I stopped suddenly when reading this and looked around the dining room I was sitting in. It was like my anger and fear stood there, like dark, controlling parents, their arms crossed, and me knowing that I must face them, along with all of the other parts of me that make up my darkness, my shadow nature: my jealousy, envy, rage, manipulative and passive-aggressive tendencies, my lying-to-look-good, me learning how to stealthily be less-than-real, my blackened and twisted sexual nature, the subtle racist ruts that seem to still run subconsciously in me, my critical and judgmental nature. An ugly image stares back at me when I look in the mirror to see all the parts of me that I like to pretend I have dealt with or that they simply aren’t there. I’ve hidden it oh-so-well…or have I?
I know it is there and that is what matters. I cannot ignore her any longer. How am I to look at all of this sickness and know it is me? The first part of shadow work, I am learning, is to illuminate all of this darkness. Become aware of it. Feel it. Know that it is all ME. That is the fucking scary part. If I can just start with my fears, that will be progress.
I am afraid to love another person intimately.

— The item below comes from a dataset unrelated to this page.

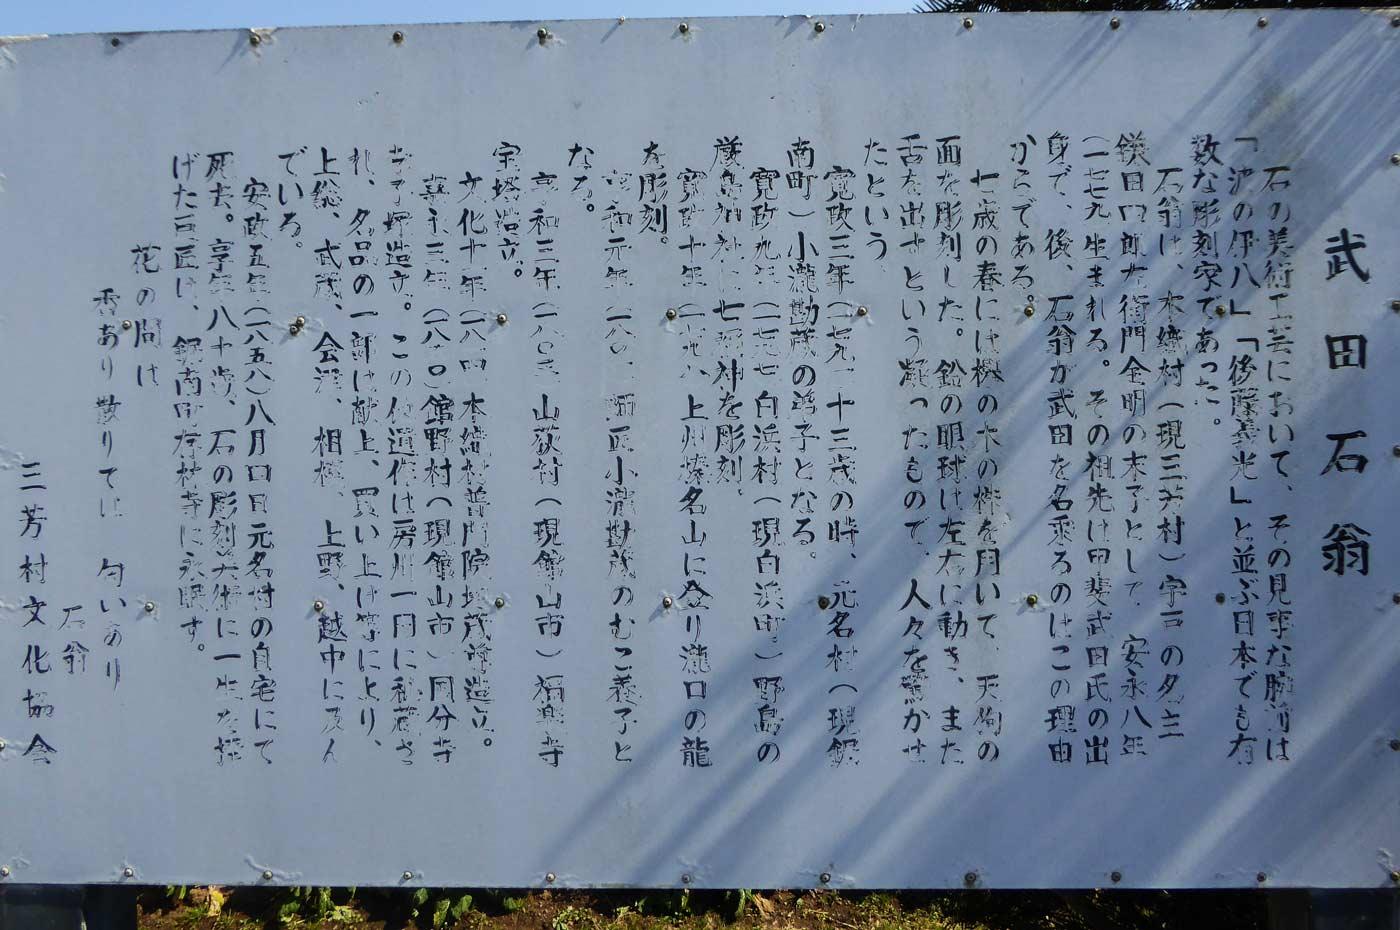 本織神社武田石翁の紹介文の画像

I am afraid of being rejected when I am being vulnerable and naked. I am afraid of being abandoned by someone I think that I need. I am afraid of losing what I have. I have fears of being homeless and destitute. I have a fear that food will run out and my stomach will ache with pangs of hunger. I have fear of physical pain and will do anything to avoid it. I have fears that I am not enough as I am and I must still change this or that to be lovable.
Just writing these all out is helping me to face them and to ultimately integrate and accept myself, love me because that is where my healing starts. No one teaches us how to LOVE ourselves deeply, fully, unconditionally, and without any reservation. How to support ourselves emotionally. One of the ways that I have started to accept and love myself is through tapping (Emotional Freedom Technique) and it is helping me shift somehow as I tap through. “Even though I am terrified about life, I deeply, fully, and unconditionally love and accept myself. Even though I am afraid that I am twisted in my thinking and being, I deeply, fully, and unconditionally love and accept myself. Even though I don’t understand why am like this, I deeply, fully, and unconditionally love and accept myself…” Answers and new more positive patterns emerge as I go through this process.
Instead of blaming the family I grew up in, or the people around me and my environment, or the whole matrix that I am beginning to be aware of more and more, I am taking ownership of my shit, and it is only from there that I can start to become whole, heal, and ultimately change these things in me. Awareness of my flaws and shortcomings, instead of continuing to pretend that they don’t exist and loving myself anyway, taking responsibility for my sickness and that parts of me that are less-than-lovely and still accepting myself, is the path to truly loving myself to an upgraded and better way of thinking and being for me.
I will be the change that I want to see on this planet and in this Universe.